Like the rest of America, I dutifully watched the final episode of Survivor last week. I was disappointed, but not surprised, when Rich walked away with the million-dollar prize and the new car.

What I found most interesting was the interview after the finale, when a Gen X player, who had been eliminated early, noted that he’d been in a tribe with other Gen Xers bent on “doing their own thing” and having fun.

The tribe and the players who lasted the longest, however, were very “corporate” and established a hierarchy early on.

Ultimately, the prize went to a conniving corporate trainer, who proclaimed from the beginning that he wasn’t there to make friends or be honest or even to have fun: He was there to win.

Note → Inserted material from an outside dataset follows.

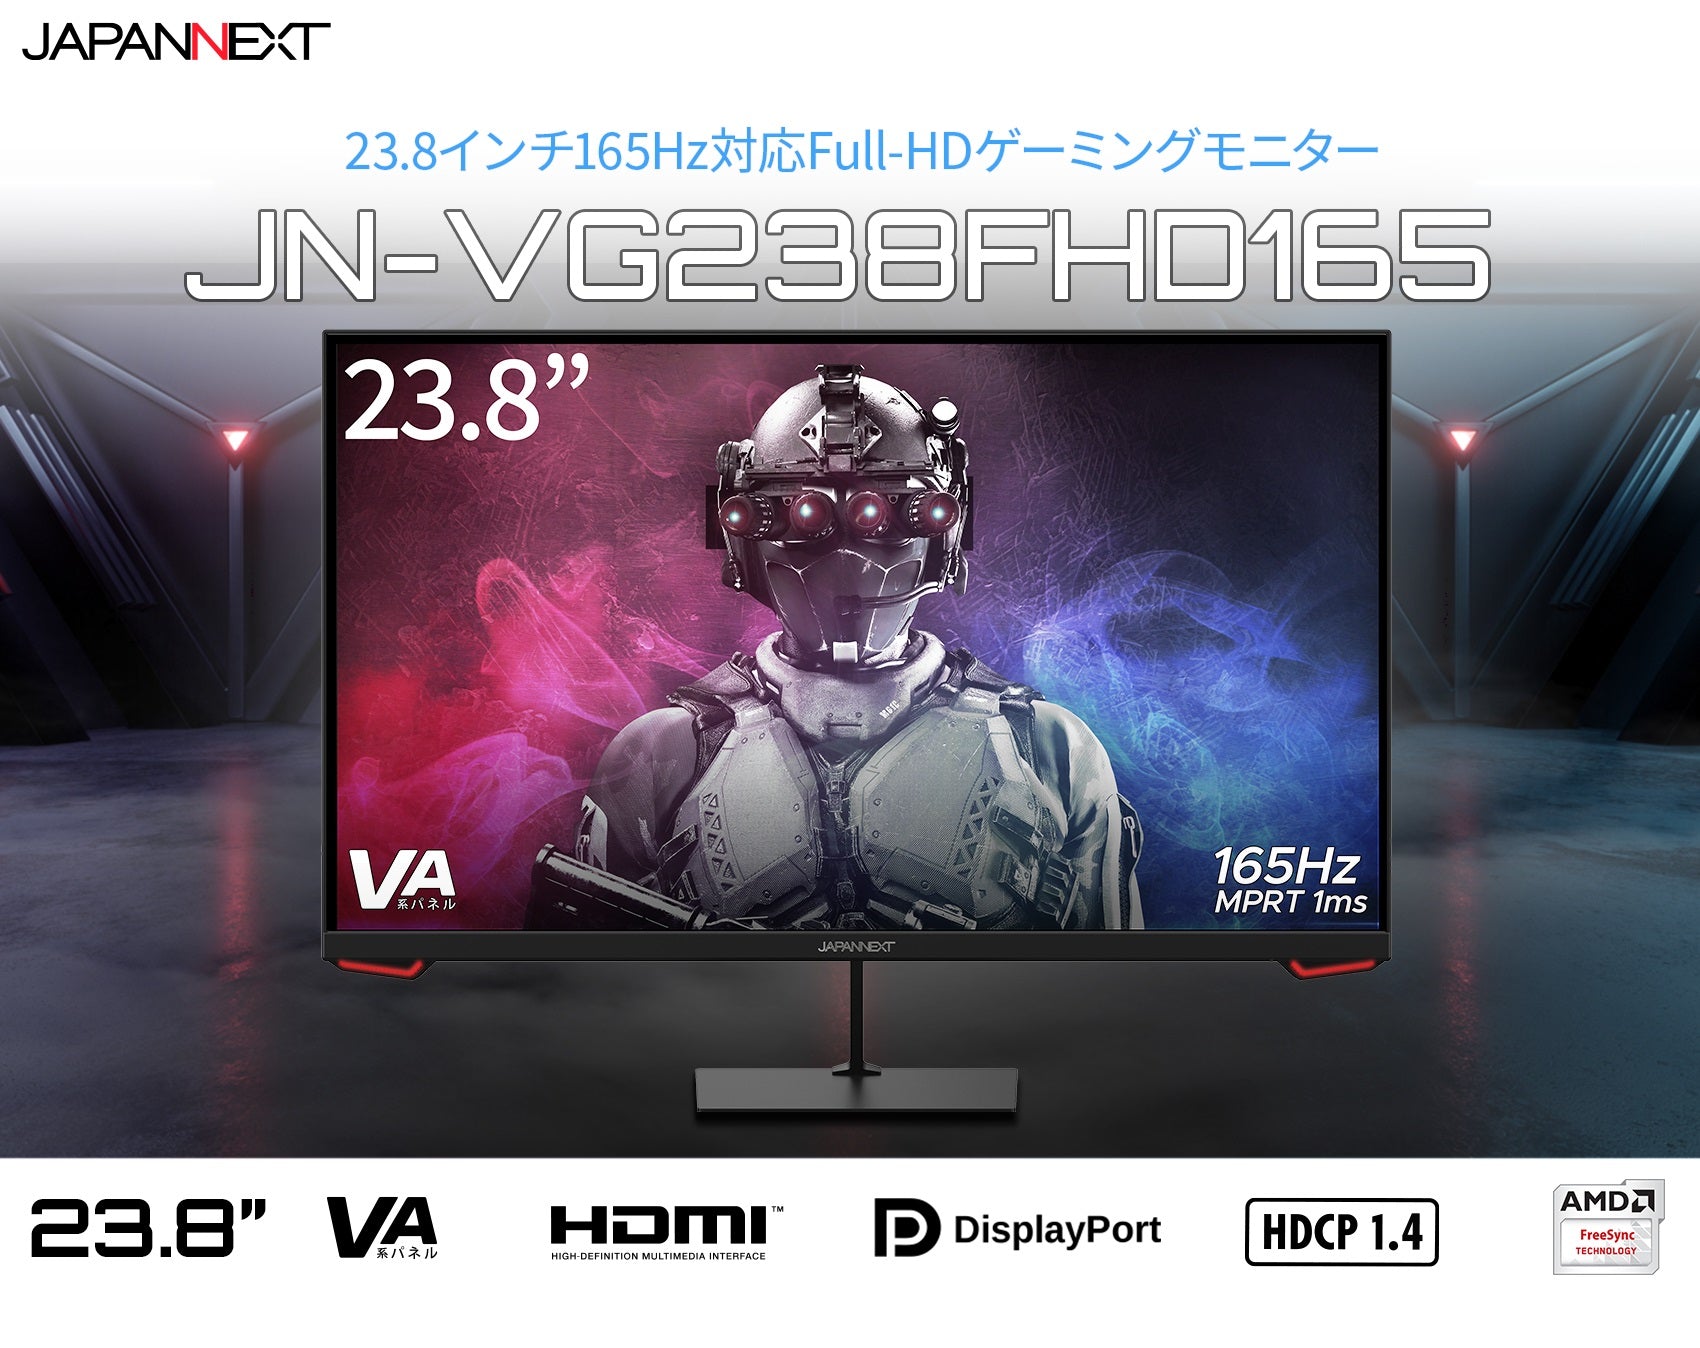 JN-VG238FHD165

Instantly, I thought of the cultural conflict between the old economy and the new economy. Six months ago, every brick-and-mortar company was trying to recreate itself to mimic the new economy. But this revolution seems to be coming to an end.
For those of you who, by some sheer miracle, don’t know about Survivor, it’s a CBS-TV program where a bunch of strangers are thrown together, with no creature comforts and very little food, and forced to enter various ridiculous competitions against one another. At first, the survivors were grouped into two tribes. The tribe that lost a competition had to vote to eliminate a member. Eventually, it came down to two survivors and a jury of former survivors who determined the winner.
Dot coms are failing left and right, giving traditional businesses a chance to play catch-up in the e-marketplace. And I’m seeing articles declaring that corporate leaders are “tired of” relaxed manners and casual wear.

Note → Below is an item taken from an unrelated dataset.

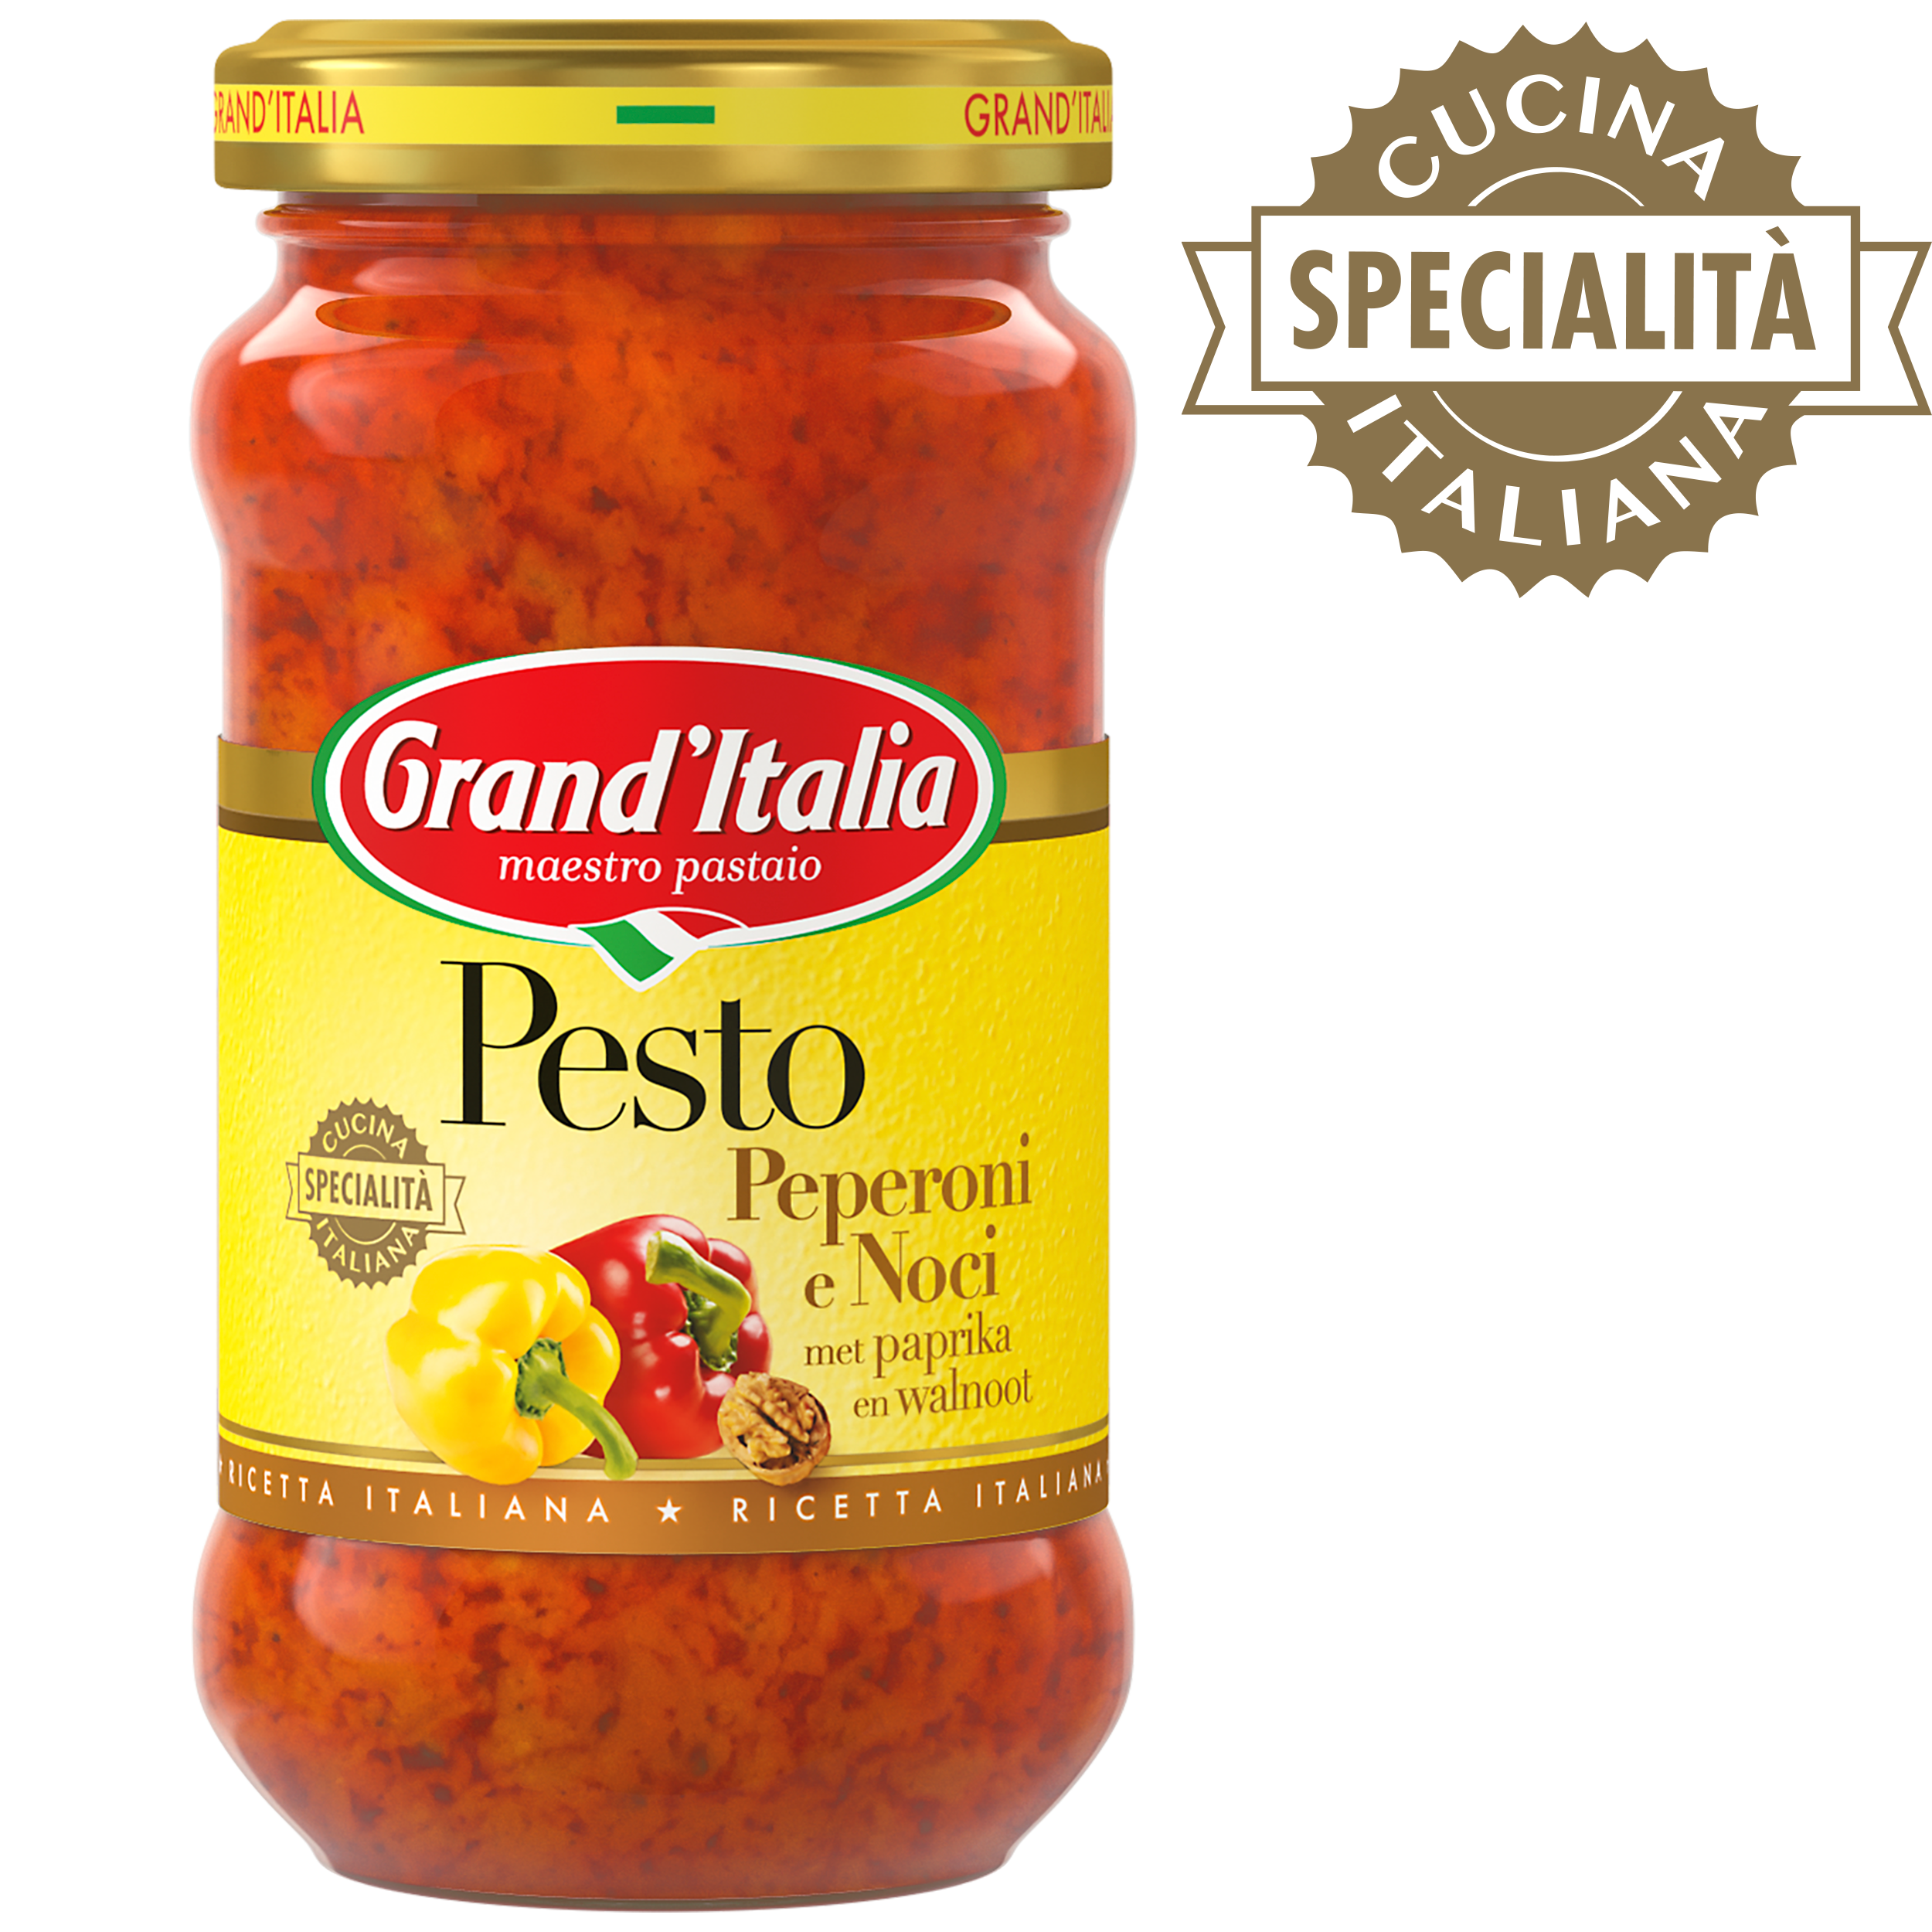 Pesto Peperoni e Noci 185g Grand'Italia - claim

In the new economy, success has been based on what you know, not who you know; what you get done, not when you work; what your ideas are, not where you went to school. The new economy lured and retained employees by offering a fun, casual, and friendly atmosphere.

It’s an attractive environment, a benefit that companies should not underestimate. I rejected a corporate career and the security of a government job for a start-up because of the culture. I’m sure I’m not alone.

My fear is that this culture and the people who build it will falter when forced to compete with brick and mortars, which, like Rich, are in this to win.

Right now, the dot-com culture has the edge because those players created the new economy. But revolutions seldom end in true change. And the corporate, brick-and-mortar companies know how to play rough.